Daddy Catfish got up and rocked it on the drums while his brother played the flute to some blues and once again, everyone was laughing and crying. Some family friends got up and played the violin and sang Ave Maria and then sang Amazing Grace to the tune of House of the Rising Sun a capella, which was awesome.
Then we were back to dancing and shrieking with laughter as the band got Catfish to shake it for "Hey Now" and got into the crowd and sang "Gold Digger" to the silicone and restylane enhanced maid of honor's Ferrari driving boyfriend. We sang "Sweet Home Alabama" and "Santeria" and wiped away sweat and pinned up rogue curls and danced, danced, danced. Then the lead singer, who was remarkably similar to a young Tina Turner, said she was going to sing one last song in honor of our police friends who were in the front yard and broke out into a perfect rendition of "I Shot the Sheriff". A 10:30 noise curfew and several complaints got us shut down, but honestly, it was okay. We had so much fun and so many special moments had taken place and we were all so tired that after a little bit of grumbling, everyone exchanged their hugs and kisses and love yous and let's do it again soons and congratulations to the bride and groom and went on our merry ways.

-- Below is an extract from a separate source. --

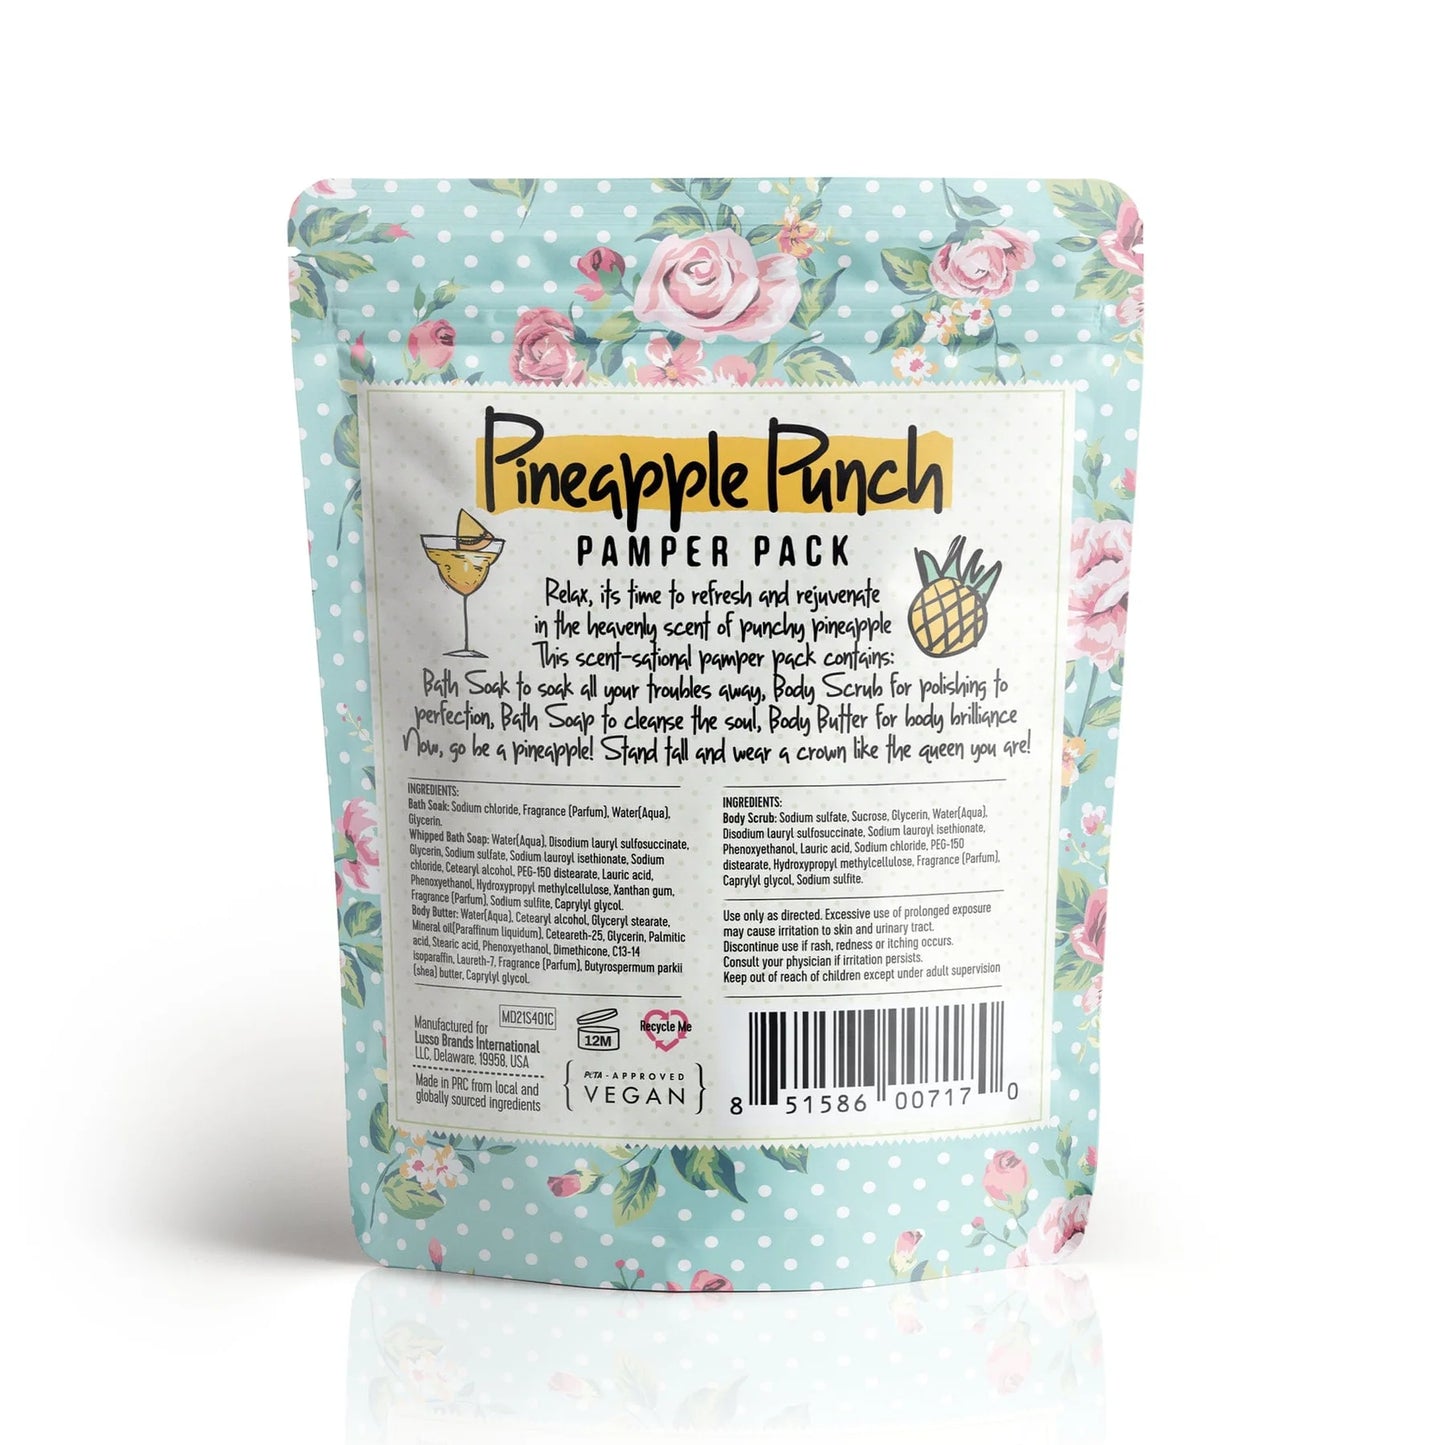 Pineapple Punch Pamper Pack - 4 x 1oz X 12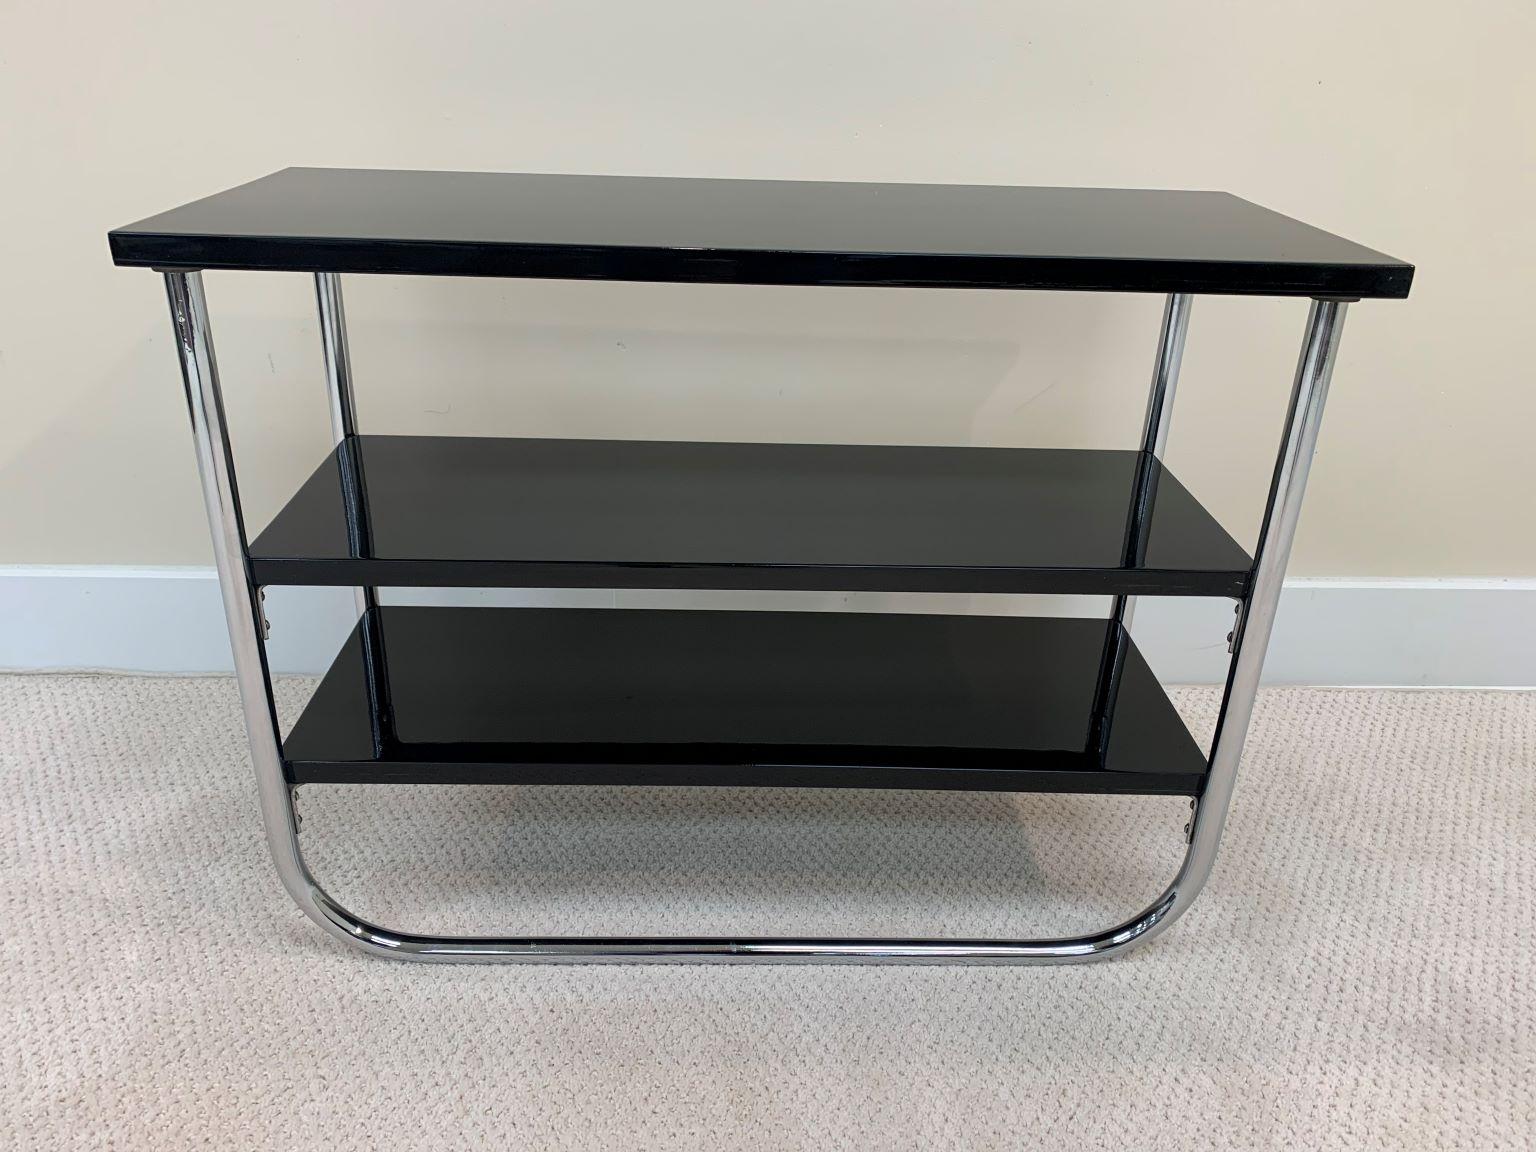 A beautiful three-tiered polished chromed and black lacquered table by Wolfgang Hoffman. Wolfgang Hoffman designed this elongated side table for the Howell Furniture Company in 1937, model number 419. Expertly restored. Reference in Howell’s 1937

I was relieved to get home and rescue the babysitters and take the 40 some bobby pins out of my hair and wash the black off of my tired feet and crawl into bed and stay there the rest of the night and most of today.
We were invited on a yacht today but the kids have really been missing me, and I was really tired and I have no voice. I am pretty much partied out at this point.
Sorry for the novel but I want to make sure I never forget any of it. The 600 pictures taken over the last 3 days will help ensure that too, but I wanted to make sure Catfish got to see it from my perspective because I have felt warm and fuzzy over this event all day long. Besides, I know you all love wedding stuff.
Maybe tomorrow I'll upload some photos. I'm going to take my headache and go crawl back into the bed that is probably still warm from my last nap and hope that my voice reappears tomorrow. I have to deal with the Stage Mother again. I swear she's never going to go away. I'll tell you about her latest sneaky shenanigans later. I will also still tell you about the bachelorette weekend, who cares if we're out of order when there is bare beave involved.